I didn't even know there was champagne extract! Does it taste like champagne? I've had desserts with various liquors before but since this extract doesn't have alcohol, I doubt it tastes like liquor.

It's definitely an interesting idea. I'm not sure what to expect, but gingerbread cookies with champagne frosting sound pretty good for the holiday season.

And can champagne extract be used in cocktails too? Or would that be too weird?

Post 3

I love using champagne extract in frosting and filling. I don't like to add it into pastry, cookie or cake batters as much because I usually add other extracts like vanilla, almond or cocoa. I really enjoy the champagne flavor by itself and I don't want any other flavor to overwhelm it.

So I prefer to make frosting and filling with it instead. It's absolutely amazing as a topping for cupcakes and as a filling for pastries. I have a recipe for almond pastries with champagne cream filling. It's the most delicious pastry ever!

And champagne extract makes really nice special occasion desserts like for Valentines Day or for wedding anniversaries.

Post 2

@anon24504-- Have you tried stores selling baking supplies or gourmet shops like the article suggested?

If you still can't find it, you can definitely find it at online gourmet stores. They will ship it to you and it generally arrives in several days. If you are really short on time and need it for a recipe for a special occasion, you could use regular champagne as a replacement.
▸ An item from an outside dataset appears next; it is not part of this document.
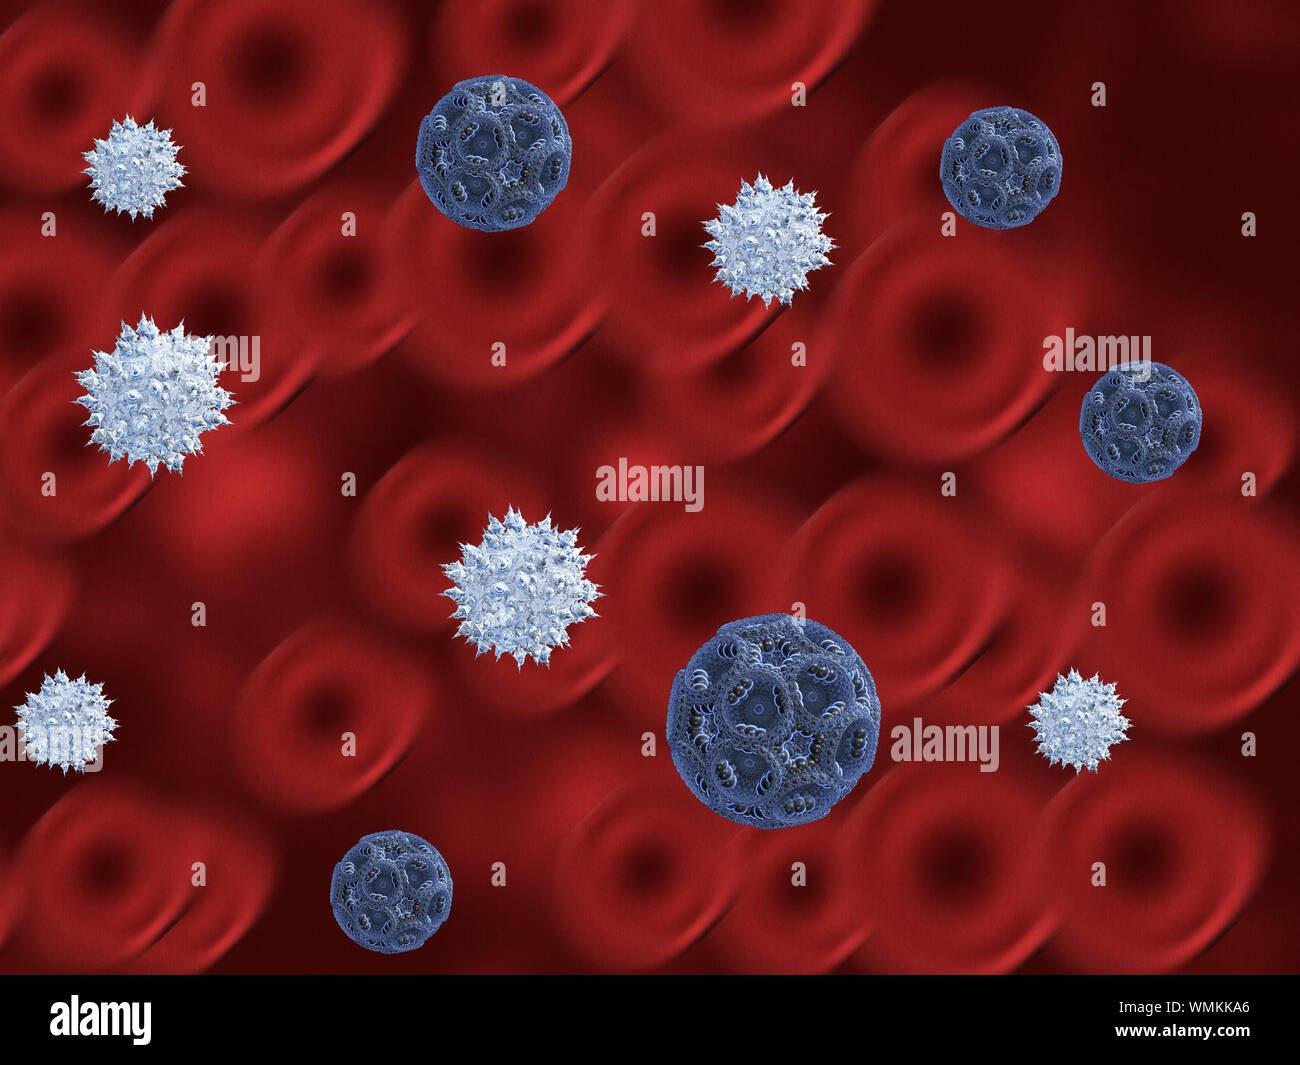 Abstract illustration of blue virus cells and red blood cells background. Stock Photo

That happened to me one time. I didn't realize I was out of champagne extract and I was baking a birthday cake for my mom. So I ended up simmering champagne to get a more diluted version and used that instead. It doesn't work quite the same way as champagne

extract though. It loses the alcohol but the sugar remains and the flavor isn't as vibrant.

If you have time, I recommend ordering a bottle of champagne extract beforehand. One bottle goes a long way, it takes me like a year to get through a bottle of it. I only use it for baking.

Post 1

Where can champagne extract be purchased?